#### [Activity]
Without any of their pictures, return all of the records exactly.

#### [Given data]

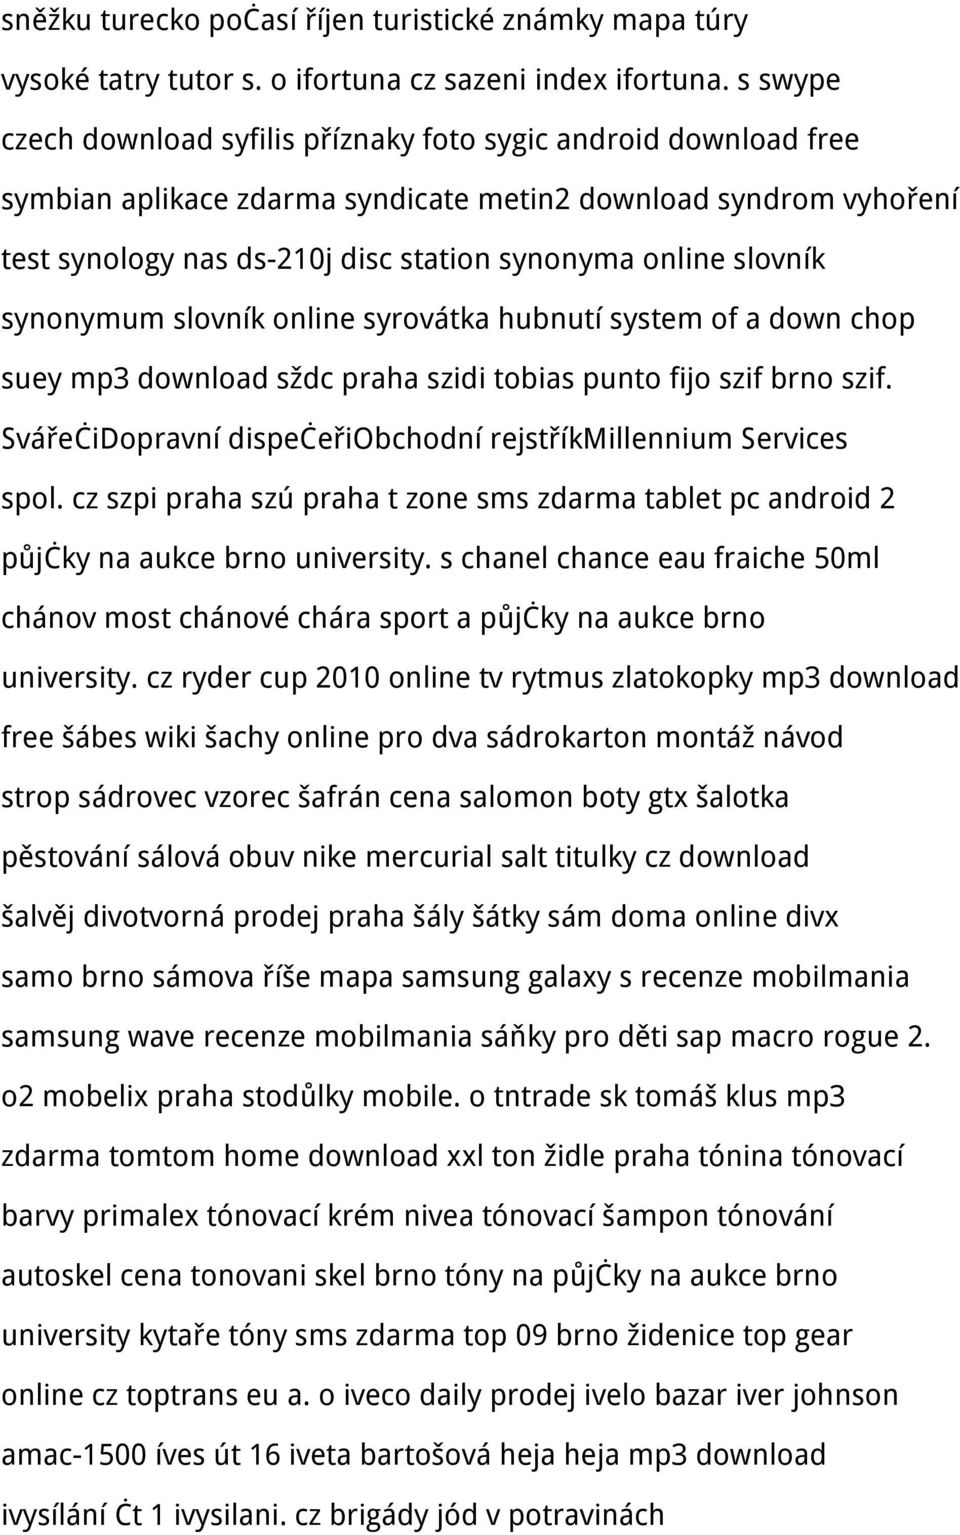 slovník synonymum slovník online syrovátka hubnutí system of a down chop suey mp3 download sždc praha szidi tobias punto fijo szif brno szif.
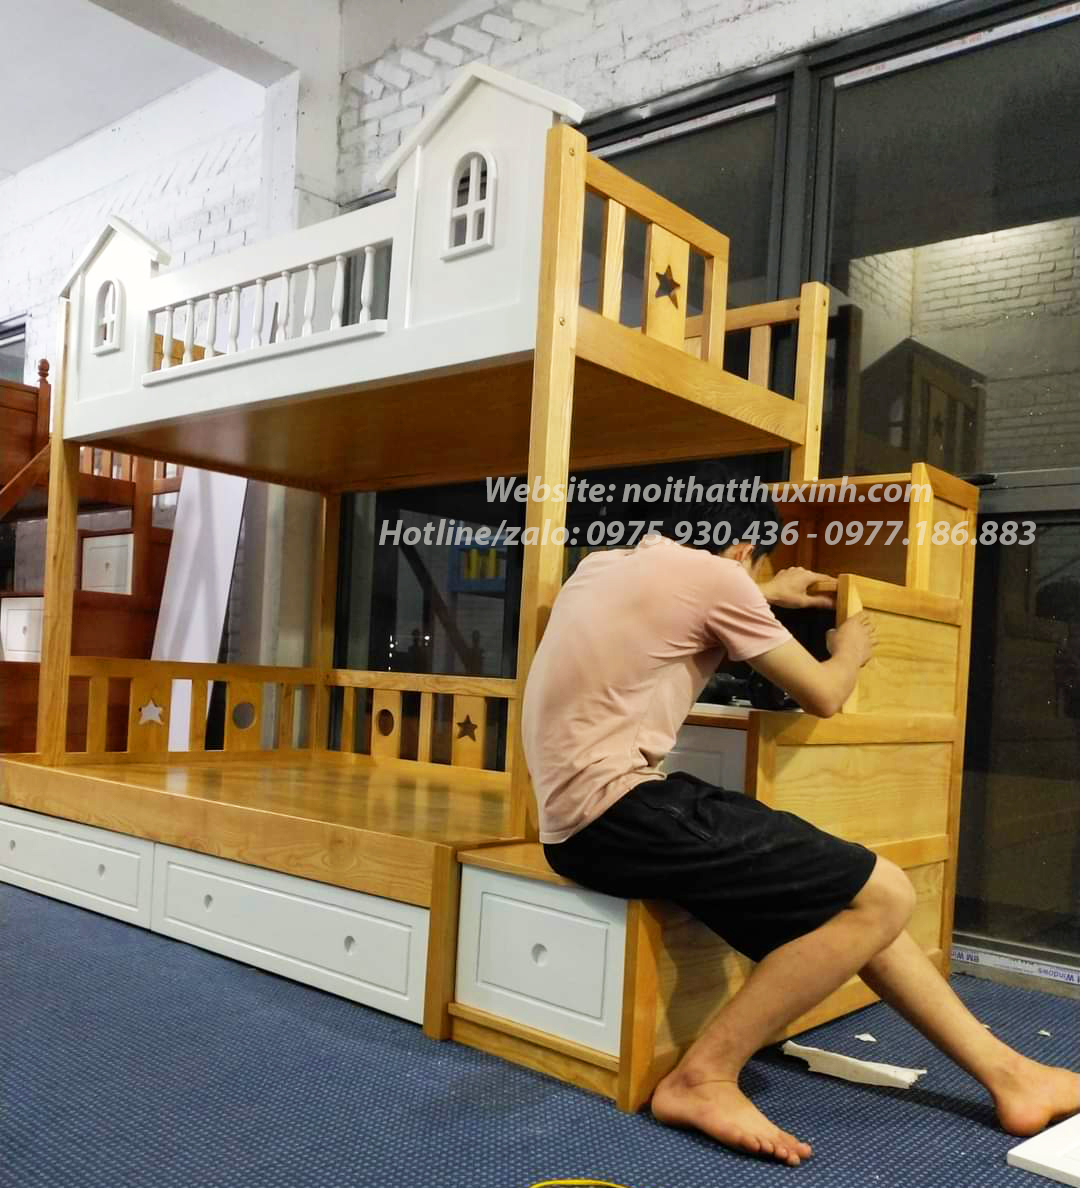 Nội thất Thu Xinh- Nơi sản xuất giường tầng giá rẻ, uy tín tại Hà Nội
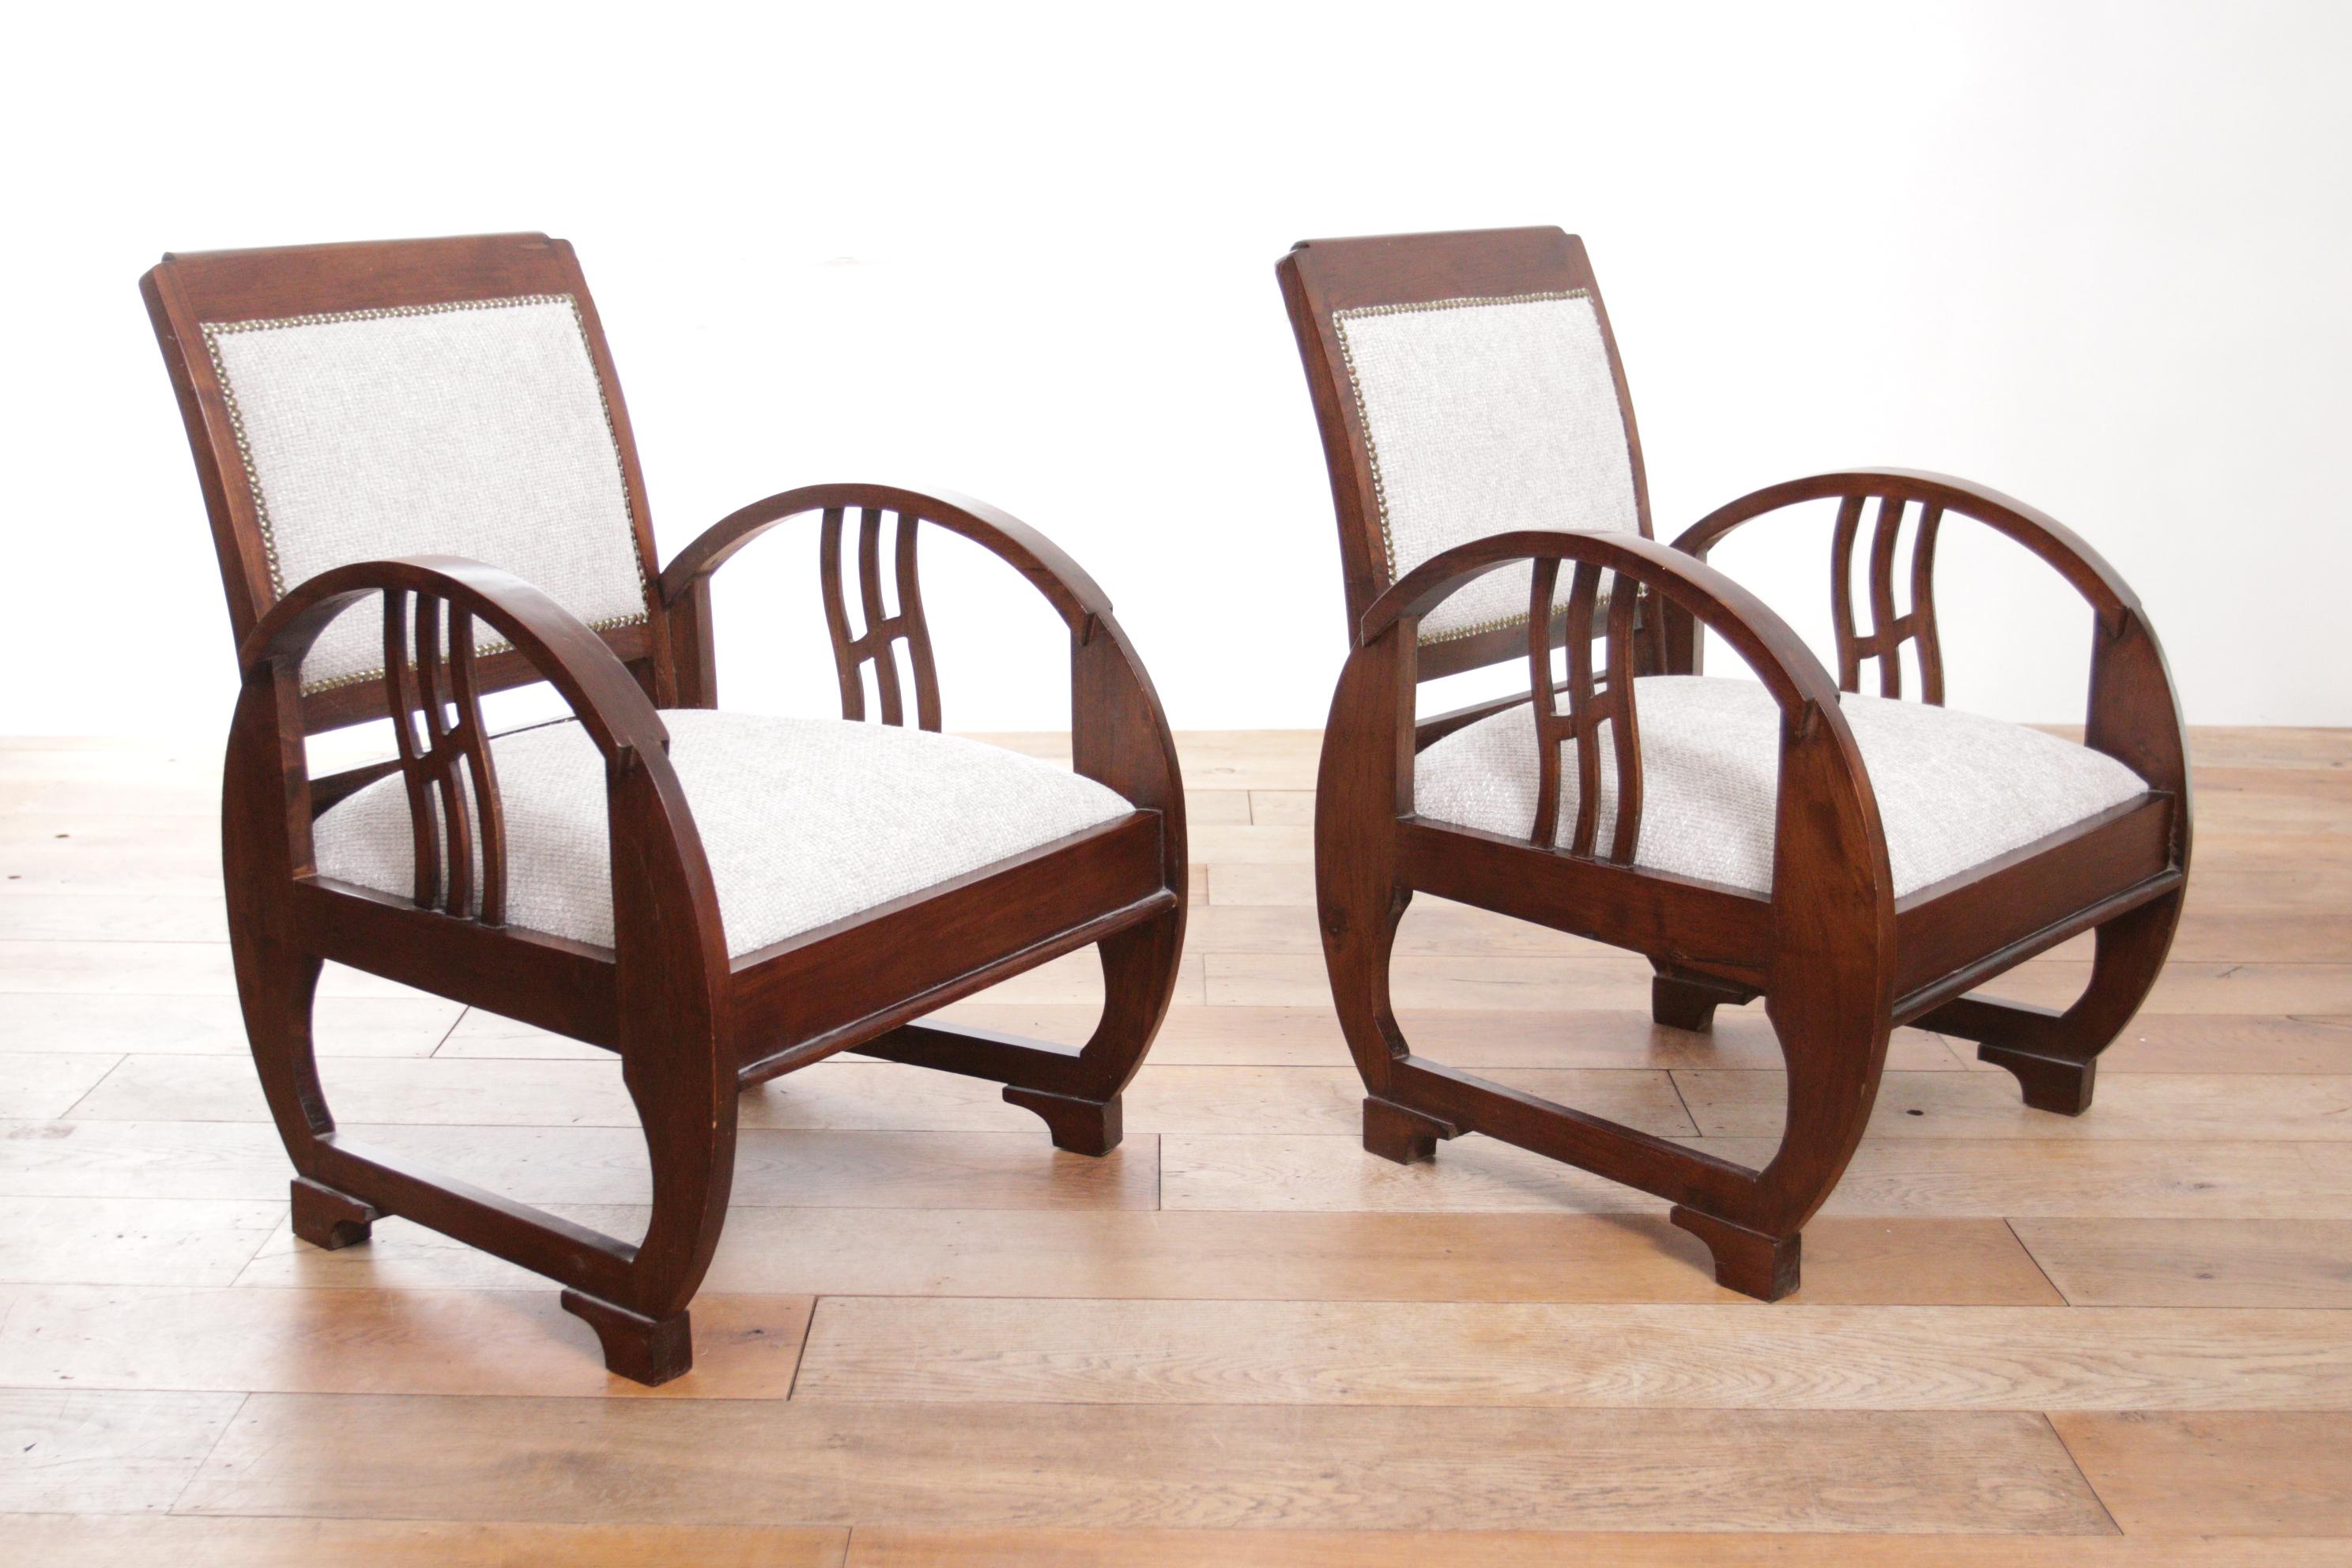 Si vous êtes à la recherche d'une paire de chaises élégantes et confortables pour ajouter un peu de charme et de style à votre salon, vous pourriez envisager ces deux fauteuils en bois français vintage art déco exclusifs. 
Ces chaises ont été
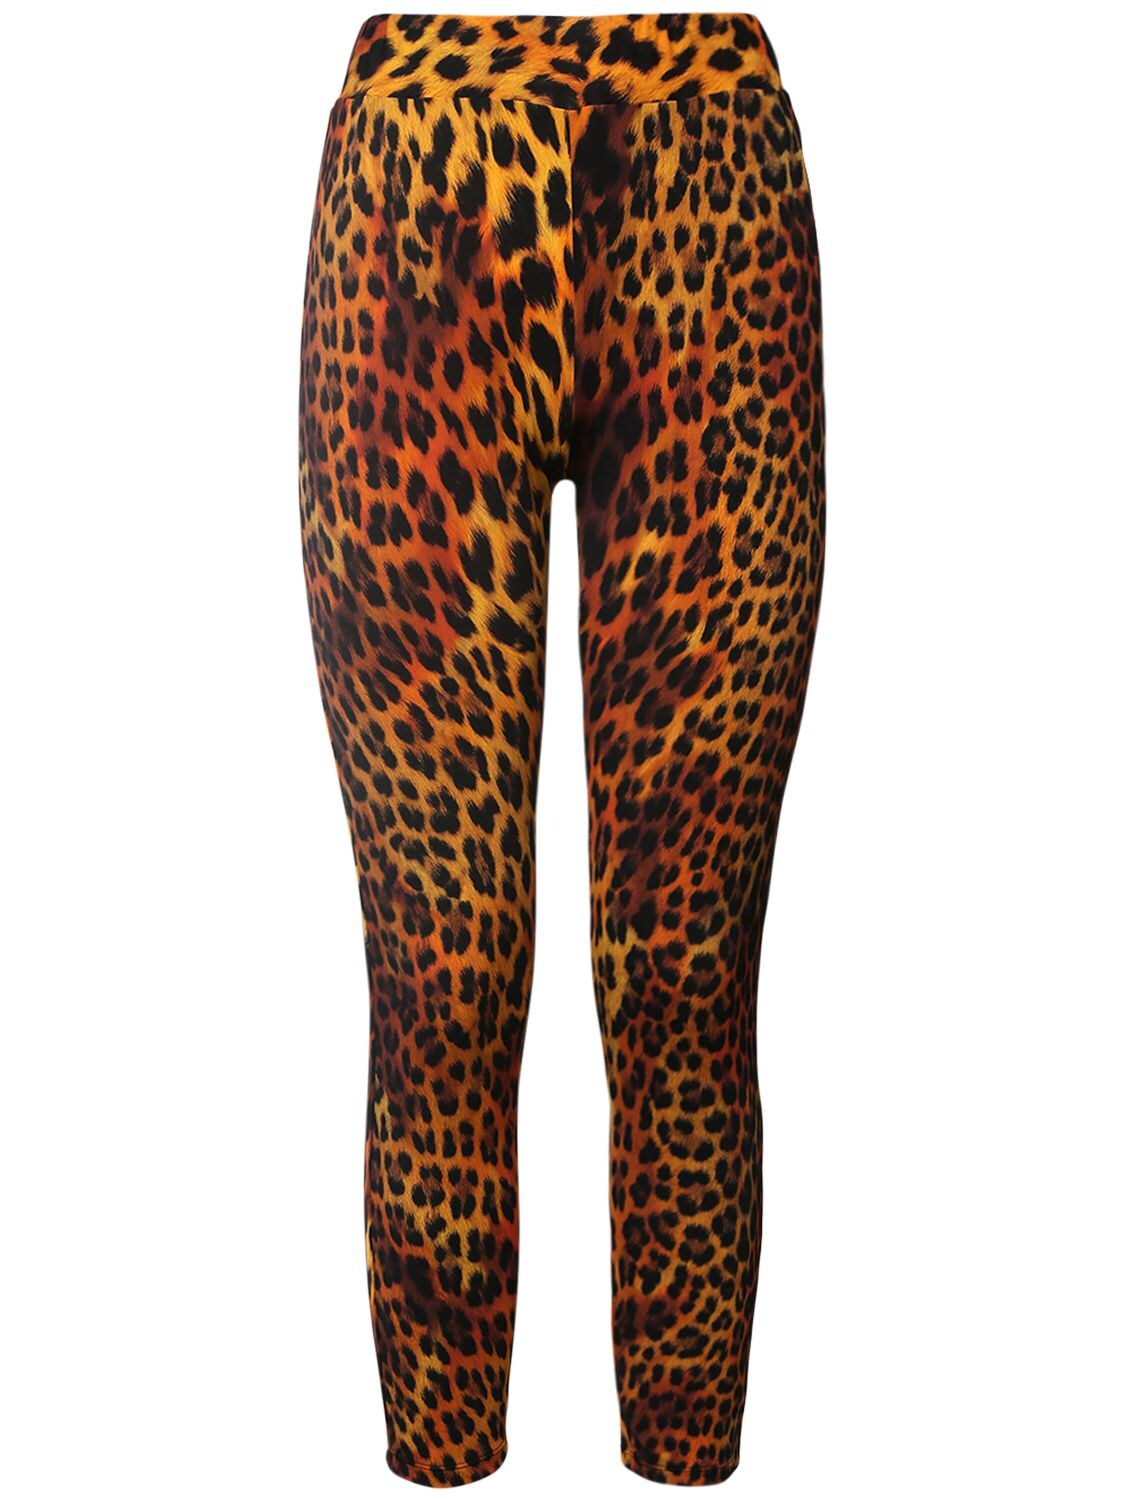 Leopard Print Jersey Leggings

#### [The answer]
 slovník synonymum slovník online syrovátka hubnutí system of a down chop suey mp3 download sždc praha szidi tobias punto fijo szif brno szif.
 Nội thất Thu Xinh- Nơi sản xuất giường tầng giá rẻ, uy tín tại Hà Nội
 Si vous êtes à la recherche d'une paire de chaises élégantes et confortables pour ajouter un peu de charme et de style à votre salon, vous pourriez envisager ces deux fauteuils en bois français vintage art déco exclusifs. 
Ces chaises ont été
 Leopard Print Jersey Leggings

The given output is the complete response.